A raíz de su ascenso meteórico a la fama con su debut de 1977 Oxígeno y el seguimiento de 1978 Equinoccio, una nueva generación de innovadores llegó al campo electrónico. En 1979, el exadvenedizo del punk Gary Numan inició una ola de electro-pop que desplazó a las estrellas del sintetizador de los años 70. La vanguardia había cambiado, dejando atrás las suites serpenteantes en favor de álbumes más concisos.
Puede que te guste
Nuevos grupos como Depeche Mode y New Order pronto siguieron, dominando las listas, mientras que nombres como Tangerine Dream, Klaus Schulze y el propio Jarre comenzaron a perder terreno. La década de 1990 fue aún más dura, con la cultura dominante de la música dance alejando a Jarre y su estilo como anacronismos de un pasado desactualizado.

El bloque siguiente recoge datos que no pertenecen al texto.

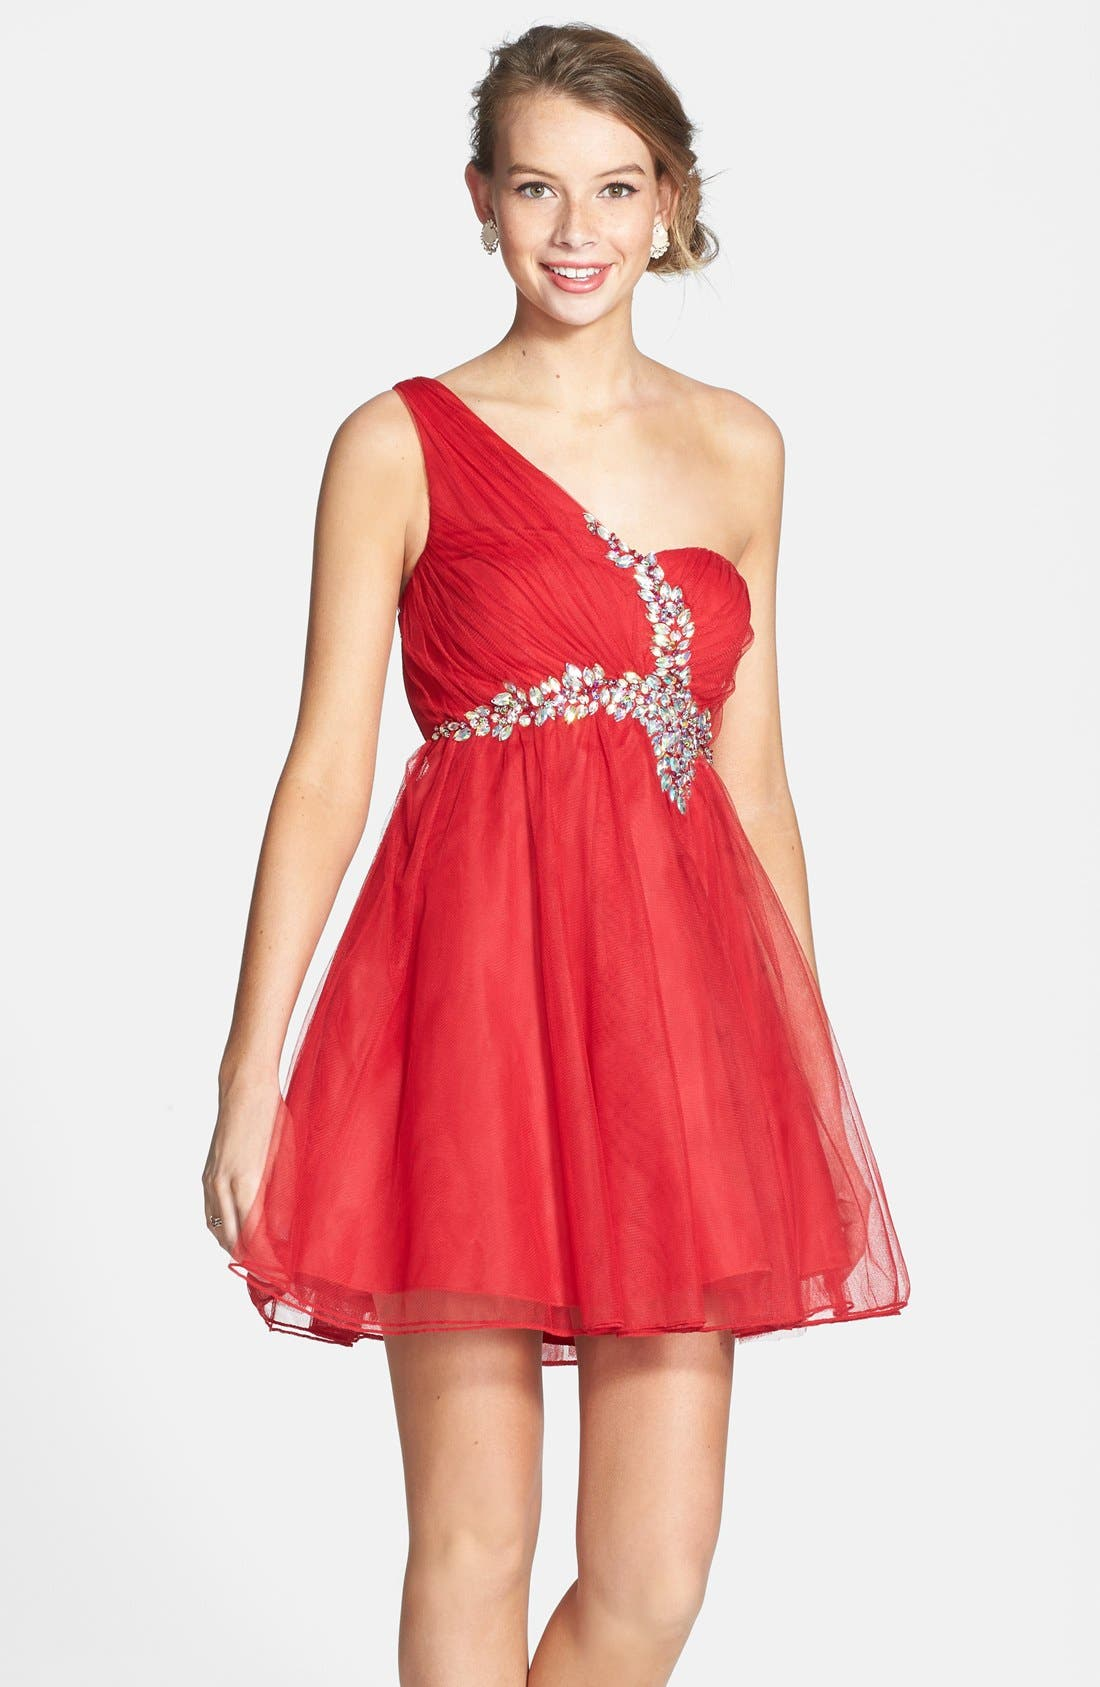 Alternate Image 1 Selected - Sequin Hearts Single Shoulder Party Dress (Juniors)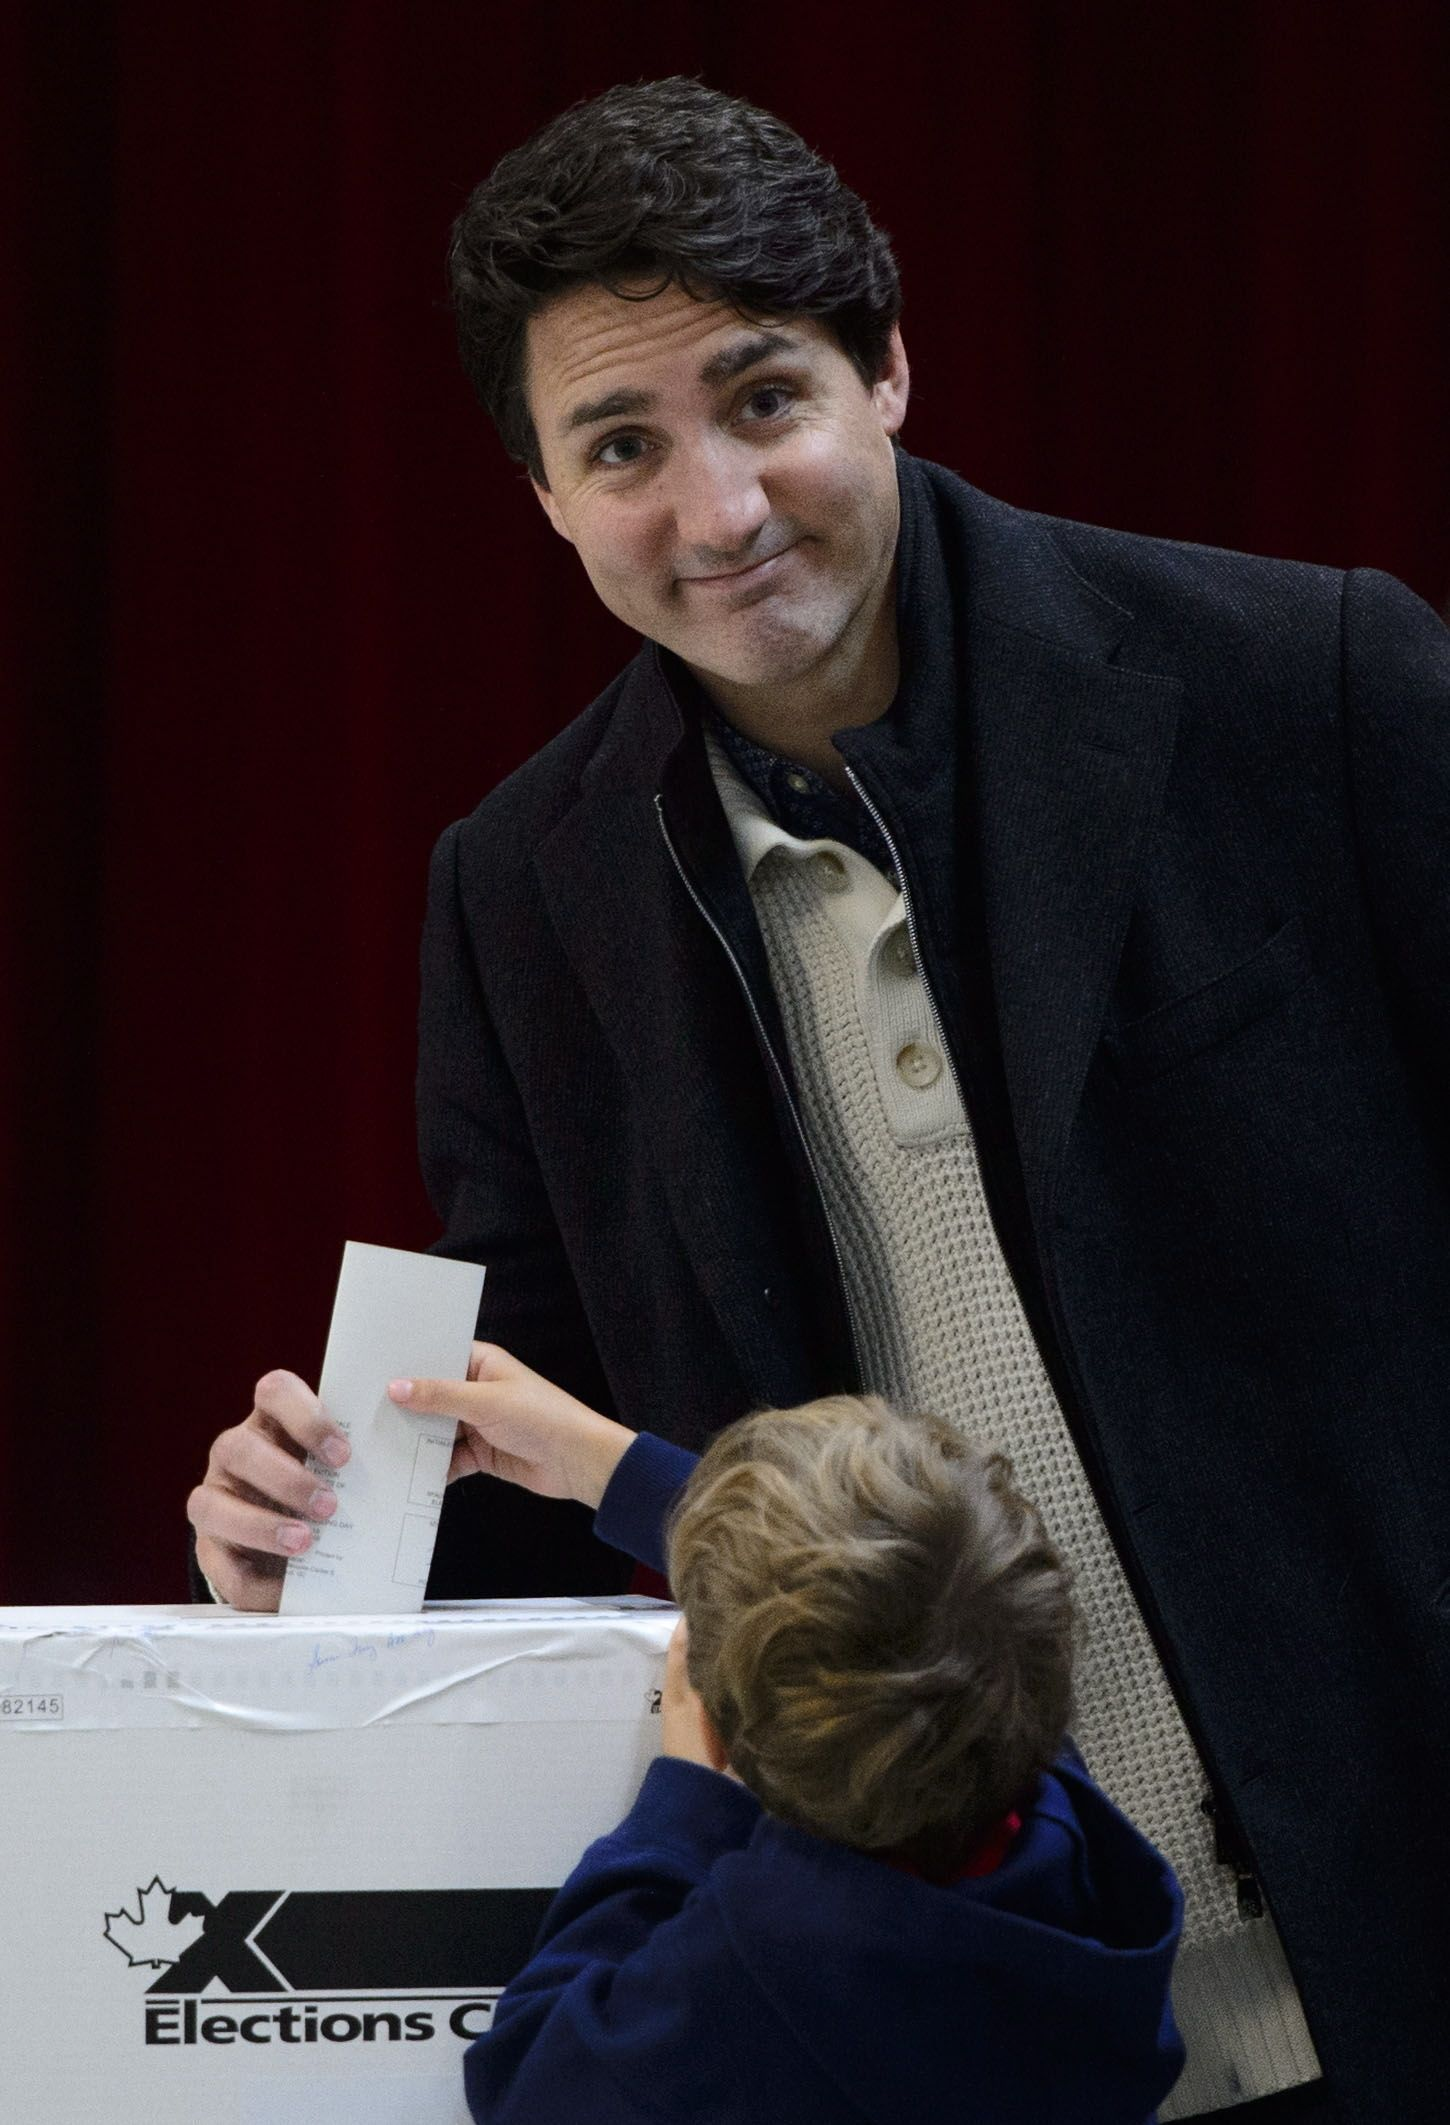 Wahlen in Kanada Justin Trudeau

Todo esto a pesar de la enorme influencia que los pioneros de los años 70 tuvieron en el synth pop, dance, trance, techno y prácticamente cualquier forma de música electrónica.
Sin embargo, Jarre nunca ha flaqueado en su compromiso y su perfil se ha mantenido alto. Continúa grabando y de gira regularmente, y, para su crédito, se ha negado a caer en la zona de confort. Aunque los álbumes Oxígeno 7-13 y Oxígeno: nueva grabación maestra han explotado el legado que le pertenece legítimamente, no ha dependido en gran medida de la nostalgia.
Obras como el año 2000 Metamorfosis —su primer álbum en presentar canciones con letras— y el orientado a la danza Tema y en sí mismo han demostrado su voluntad de salir de su zona de confort, tomar riesgos e incluso adentrarse en territorios dominados por generaciones más jóvenes.
Cualesquiera que sean los méritos de su producción de estudio, sus shows en vivo siguen siendo atracciones populares, y continúa actuando a una escala que pocos pueden igualar. Aunque su gira mundial en curso es prácticamente un paquete de grandes éxitos, Jarre sigue innovando y enfrentándose a nuevos desafíos en el camino. Como todo lo que hace, es grande, pero hay un elemento de aleatoriedad y caos benigno en sus actuaciones actuales, notablemente diferentes de la teatralidad coreografiada a la que normalmente está asociado.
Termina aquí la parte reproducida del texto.